By asking the court to “provisionally approve the settlement, arrange for the settlement notice to be issued, and schedule the settlement hearing to consider final approval of the settlement,” plaintiffs claim that the settlement “usefully addresses the issues.” [that they] raised in the consolidated action and provides an excellent solution for TRR through the reforms. “
TRR confirmed the settlement development on Monday and stated that settlement agreements require preliminary and final approval by the courts.
Third quarter results
In addition to the news on the settlement front, TRR released its third quarter results this week, posting sales of $ 118.84 million. The luxury retailer announced that its gross merchandise value (i.e. the value of the luxury goods it sold during the quarter) increased by 50% and 46% in 2020 and 2019, respectively, compared to the same periods. For the 757,000 orders processed in the third quarter, the average was $ 486, up 9% year over year.
Regarding the company’s position, CEO and Founder Julie Wainwright said in a statement Monday, “We believe the operational and supply side effects of COVID-19 on our business are effectively behind us, and we are well positioned for a strong holiday Season.
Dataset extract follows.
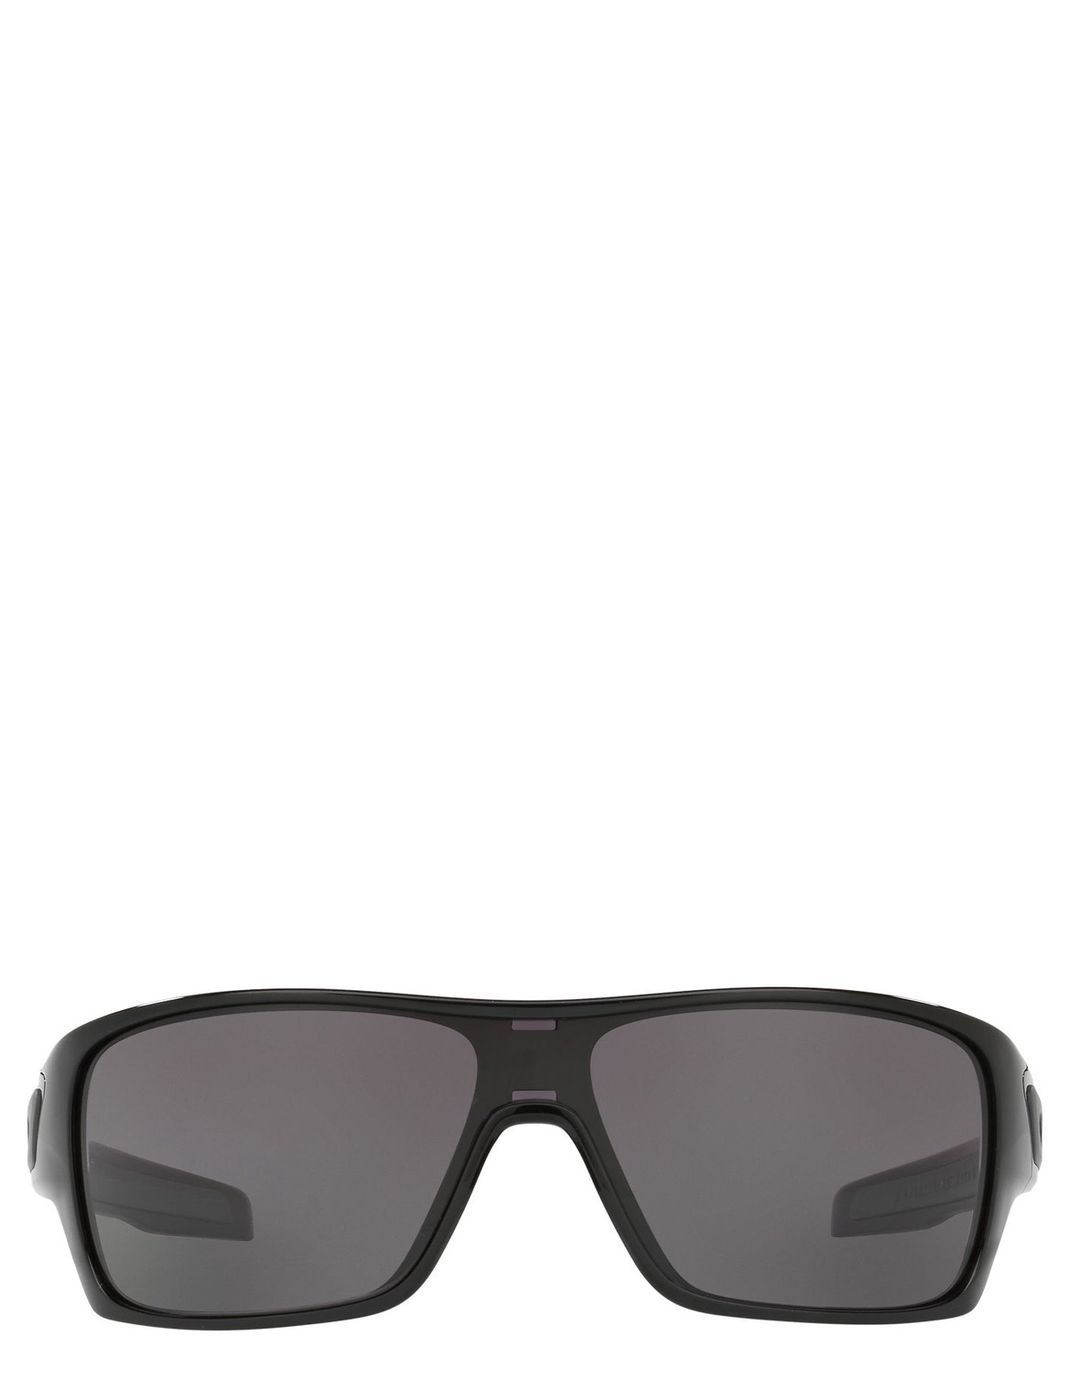 9f1b4a2195 ... spain oakley turbine rotor sunglasses myer online 4d1ab d3860

Additionally, we believe that The RealReal’s unique business model is largely isolated from supply chain bottlenecks and certain inflationary effects of many retailers. ”
Wainwright continued, “Overall, our business is experiencing very positive trends and we believe these trends will continue through the end of the year and into 2022. While we are at the beginning of providing operational expenses, we believe the company is at the beginning “to see the benefits of our previous investments that will leverage our pursuit of profitability over the coming quarters.”
The falls are Sanders et al. v. The RealReal, Inc. et al. 5: 19-cv-07737 (ND Cal) and Iwona Grzelak v Julie Wainwright et al., 1:20-cv-01212 (D. Del.).